Early Cluster Bomb: Molotov’s Bread Basket (Jul, 1940)
Big Russian Bomb Holds Sixty Little Ones
Whirling down from the sky, a gigantic aerial bomb employed by Russian aircraft breaks open before it strikes the ground, to release and spread a deadly cargo of small incendiary bombs over a wide area. Nicknamed “Molotov’s bread basket,” after Viacheslav M. Molotov, Russian Commissar for Foreign Affairs, the mammoth bomb is seven and a half feet long and over two feet in diameter. Vanes at its tail cause it to whirl when released from the rack of a bombing plane. This action ultimately opens the steel sides, allowing sixty small incendiary bombs within it to hurtle outward in all directions and plummet earthward to set fire to any inflammable object on the ground within a broad circle.
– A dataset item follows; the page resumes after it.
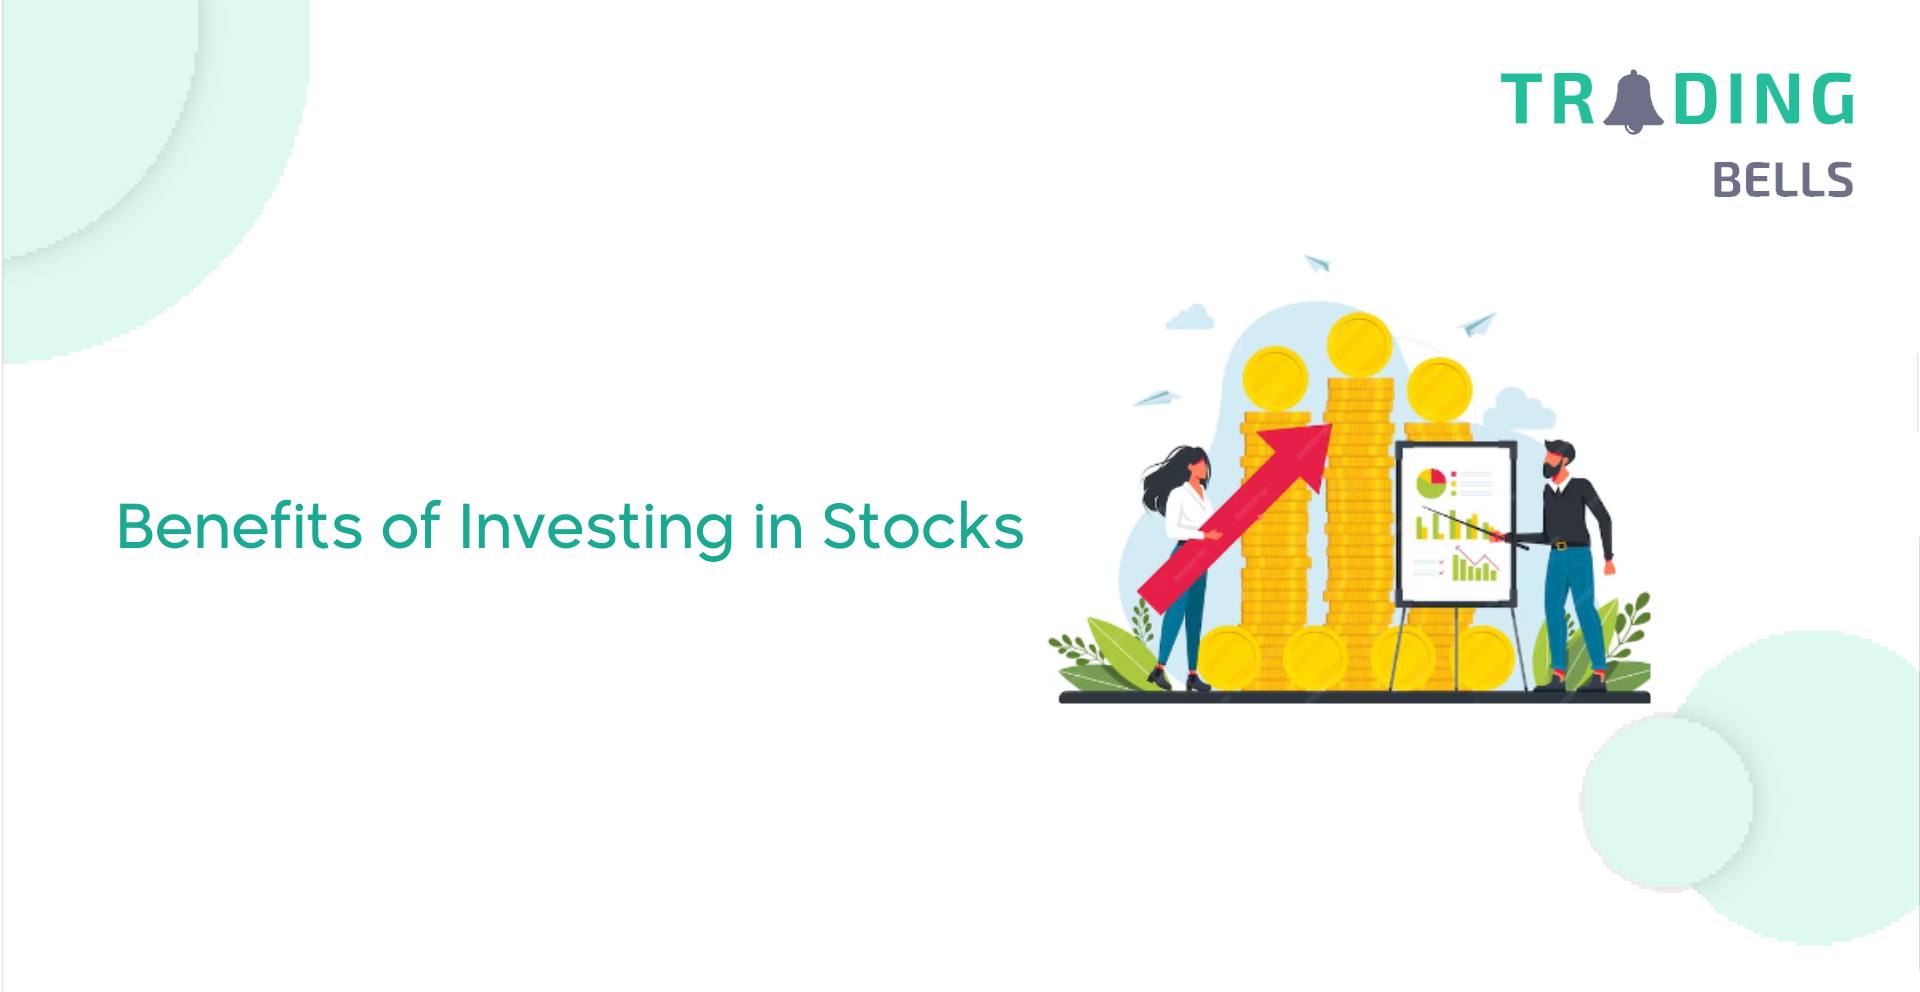 Benefits of Investing in Stocks

First used in actual warfare against Finland, the bomb was employed to set fire to towns whose houses were constructed of wood.
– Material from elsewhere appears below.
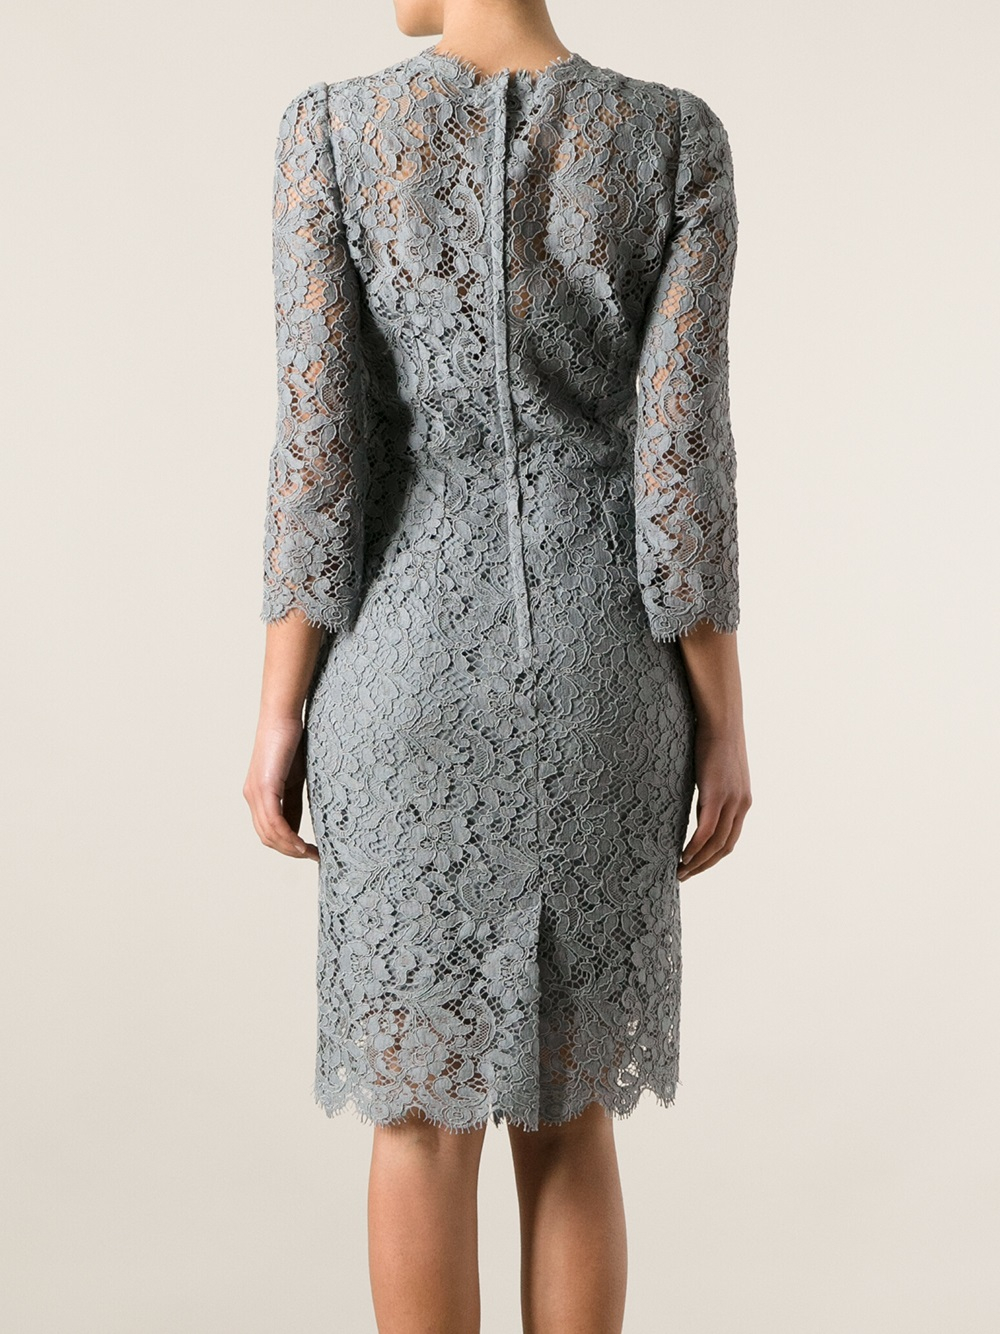 Dolce & Gabbana Floral Lace Dress in Gray | Lyst

Hmm, the first cluster bombs. Interesting.
Comment by repsac — October 19, 2007 @ 9:40 am
They didn’t *patent* it in US court? Oh, that wouldn’t help, and explains why some of these oddly unheard of military breakthroughs are thought by readers today to have bombed. But instead, they were CLASSIFIED out of existence, and used in various wars!
Comment by NikFromNYC — January 12, 2008 @ 3:28 pm
[...] a reference image here. Early Cluster Bomb: Molotov’s Bread Basket Put the reference image on a plane in the BG. Started with a cylinder, modeled from there. [...]
Pingback by SMC #50 - September 07 - September 14 - Explosives - Page 3 - Game Artist Forums — September 12, 2008 @ 11:09 am
Random historical note: “Molotov’s bread basket” is a Finnish nickname invented after the man went and claimed that Soviet bombing runs were actually drops of food aid.
Finns went on to name their mass-produced incendiaries “Molotov cocktails” as a drink to go with the food.